*Exercise data*.

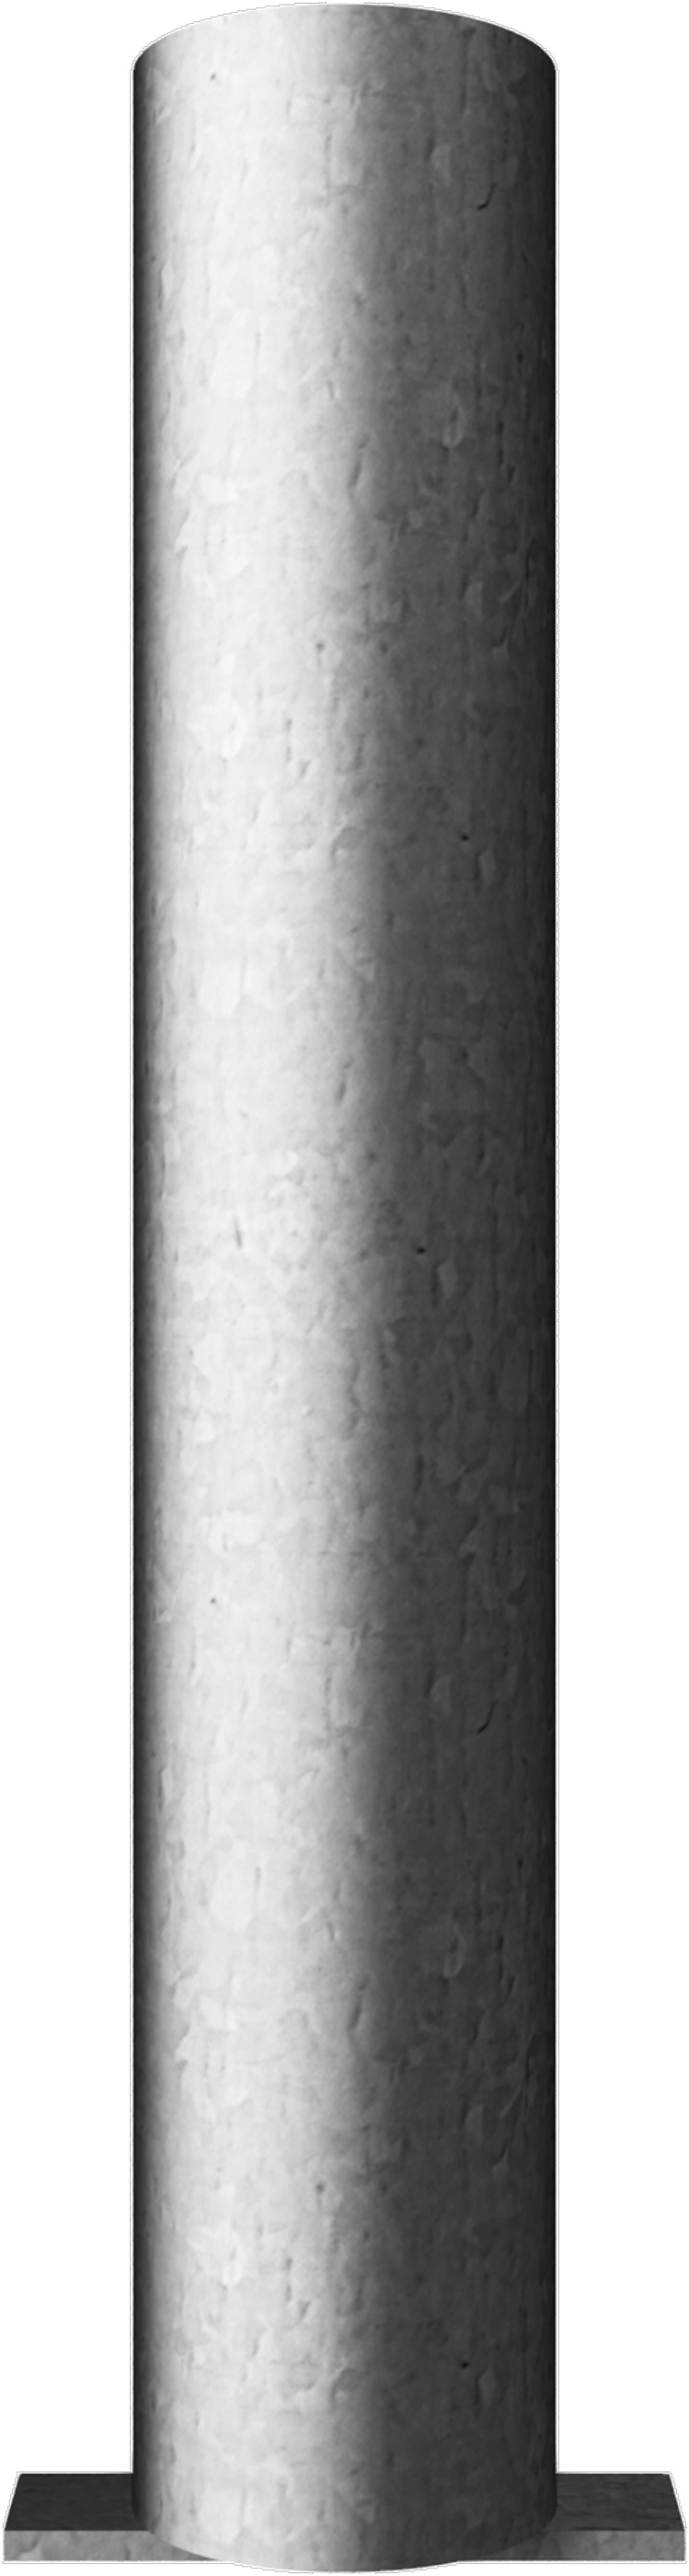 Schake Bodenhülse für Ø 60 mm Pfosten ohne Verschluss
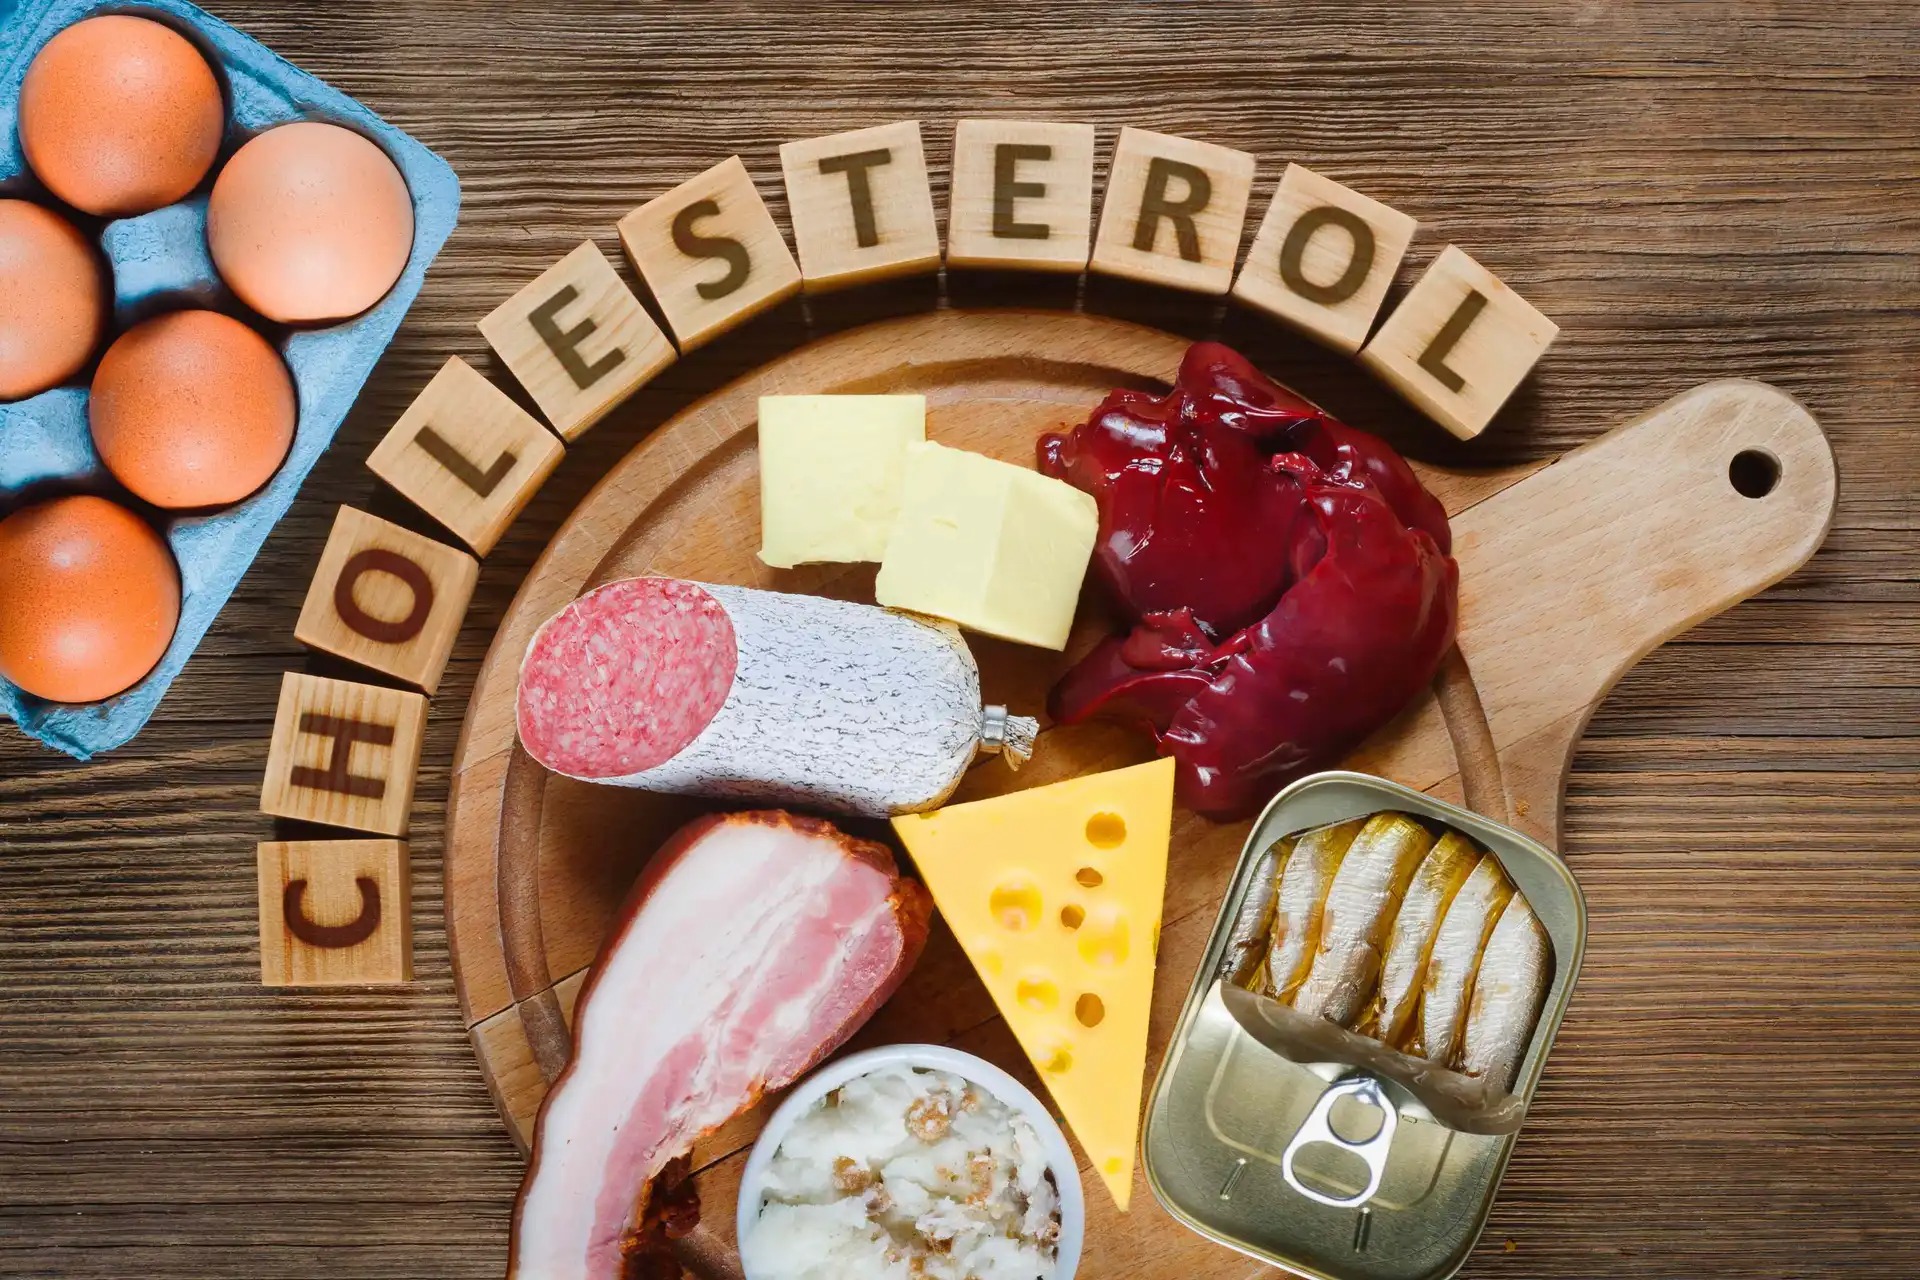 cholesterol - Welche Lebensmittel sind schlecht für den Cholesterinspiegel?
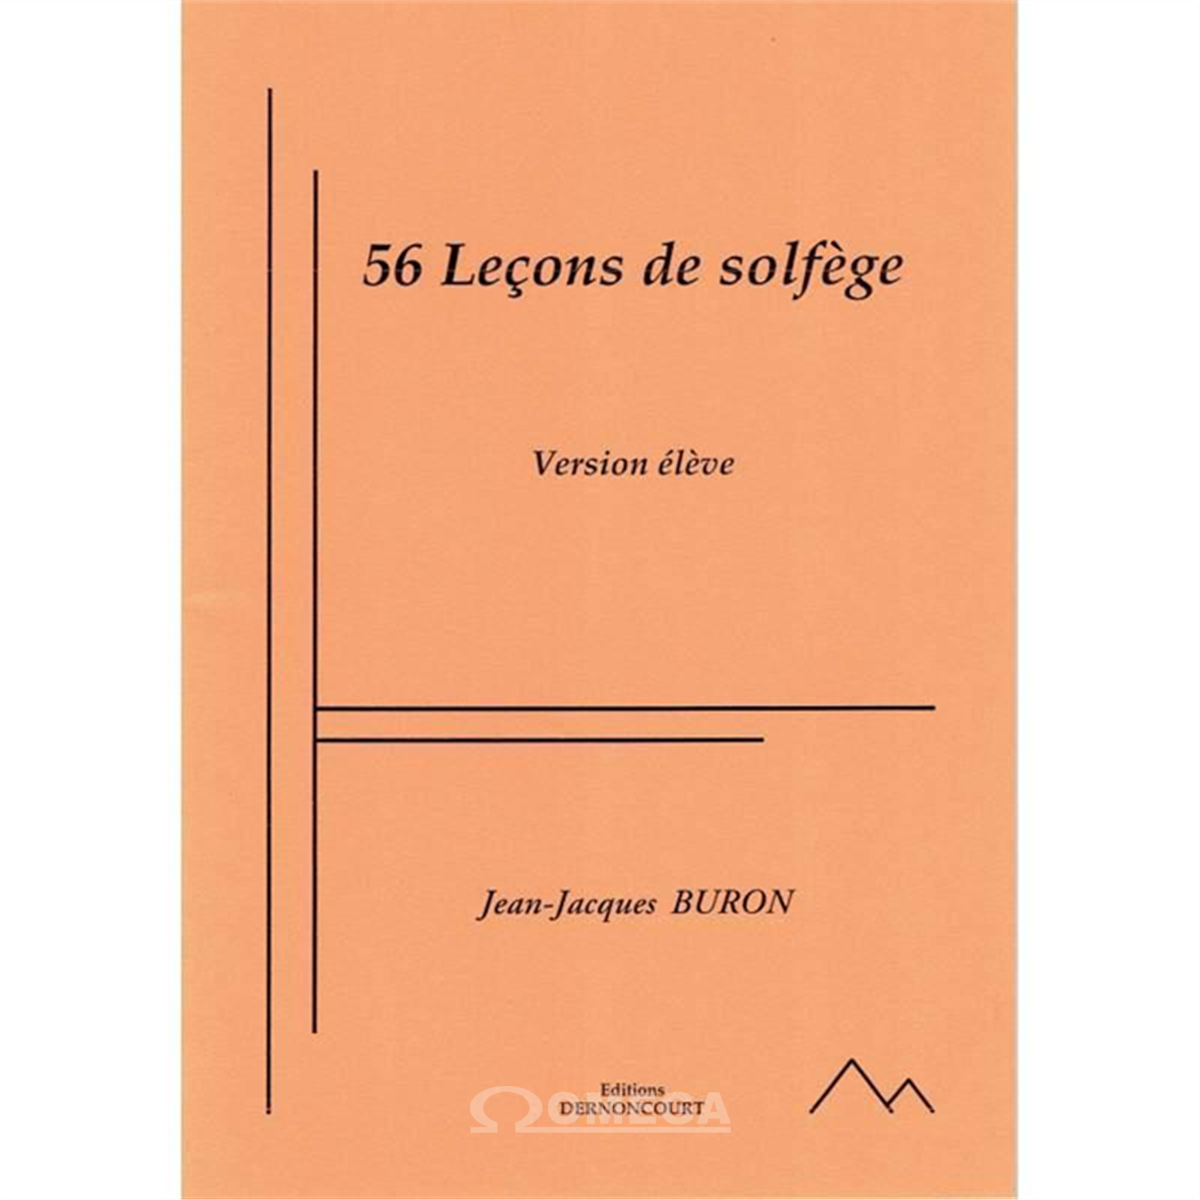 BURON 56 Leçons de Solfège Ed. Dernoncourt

*Exercise*. Could the material above be given again in full and exactly, with its pictures left out?

*Task result*.
 Schake Bodenhülse für Ø 60 mm Pfosten ohne Verschluss
 cholesterol - Welche Lebensmittel sind schlecht für den Cholesterinspiegel?
 BURON 56 Leçons de Solfège Ed. Dernoncourt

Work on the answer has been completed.